Data items

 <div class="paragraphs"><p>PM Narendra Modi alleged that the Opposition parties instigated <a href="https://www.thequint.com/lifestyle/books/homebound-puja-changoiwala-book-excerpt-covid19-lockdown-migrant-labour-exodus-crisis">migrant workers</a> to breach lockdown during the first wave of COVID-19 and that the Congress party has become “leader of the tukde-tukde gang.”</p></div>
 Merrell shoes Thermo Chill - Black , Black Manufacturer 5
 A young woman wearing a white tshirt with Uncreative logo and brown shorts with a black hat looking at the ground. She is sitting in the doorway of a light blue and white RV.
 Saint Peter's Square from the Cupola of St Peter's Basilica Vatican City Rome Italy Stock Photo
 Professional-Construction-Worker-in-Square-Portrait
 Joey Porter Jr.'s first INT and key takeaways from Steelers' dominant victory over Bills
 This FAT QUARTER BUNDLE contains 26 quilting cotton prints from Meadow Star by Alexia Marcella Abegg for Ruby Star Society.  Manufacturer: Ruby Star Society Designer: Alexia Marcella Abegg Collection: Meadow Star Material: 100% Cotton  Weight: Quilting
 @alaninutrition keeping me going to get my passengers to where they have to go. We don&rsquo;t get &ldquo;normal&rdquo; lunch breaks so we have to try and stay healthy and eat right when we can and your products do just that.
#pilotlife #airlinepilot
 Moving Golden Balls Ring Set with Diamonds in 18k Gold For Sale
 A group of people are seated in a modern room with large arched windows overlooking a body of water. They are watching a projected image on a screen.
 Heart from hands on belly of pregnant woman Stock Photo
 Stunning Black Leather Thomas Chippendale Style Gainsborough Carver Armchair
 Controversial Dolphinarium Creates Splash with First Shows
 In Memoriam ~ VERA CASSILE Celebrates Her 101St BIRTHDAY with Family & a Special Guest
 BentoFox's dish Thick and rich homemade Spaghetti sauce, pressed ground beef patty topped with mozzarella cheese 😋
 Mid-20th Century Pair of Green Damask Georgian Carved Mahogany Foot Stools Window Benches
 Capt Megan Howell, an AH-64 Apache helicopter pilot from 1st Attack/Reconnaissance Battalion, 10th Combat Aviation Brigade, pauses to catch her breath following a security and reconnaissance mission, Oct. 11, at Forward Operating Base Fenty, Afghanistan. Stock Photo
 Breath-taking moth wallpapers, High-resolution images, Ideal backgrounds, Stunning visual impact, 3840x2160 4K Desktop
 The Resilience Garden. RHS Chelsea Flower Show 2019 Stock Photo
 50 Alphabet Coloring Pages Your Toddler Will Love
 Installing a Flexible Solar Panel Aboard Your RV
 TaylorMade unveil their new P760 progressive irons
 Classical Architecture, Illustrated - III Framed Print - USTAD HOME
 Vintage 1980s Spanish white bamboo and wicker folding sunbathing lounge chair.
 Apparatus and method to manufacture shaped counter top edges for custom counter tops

AIM OF THE TASK
Find the line containing "Breath-taking moth wallpapers, High-resolution", then output it and every line after it to the end of the data, exactly.

SOLUTION TO THE EXERCISE
 Breath-taking moth wallpapers, High-resolution images, Ideal backgrounds, Stunning visual impact, 3840x2160 4K Desktop
 The Resilience Garden. RHS Chelsea Flower Show 2019 Stock Photo
 50 Alphabet Coloring Pages Your Toddler Will Love
 Installing a Flexible Solar Panel Aboard Your RV
 TaylorMade unveil their new P760 progressive irons
 Classical Architecture, Illustrated - III Framed Print - USTAD HOME
 Vintage 1980s Spanish white bamboo and wicker folding sunbathing lounge chair.
 Apparatus and method to manufacture shaped counter top edges for custom counter tops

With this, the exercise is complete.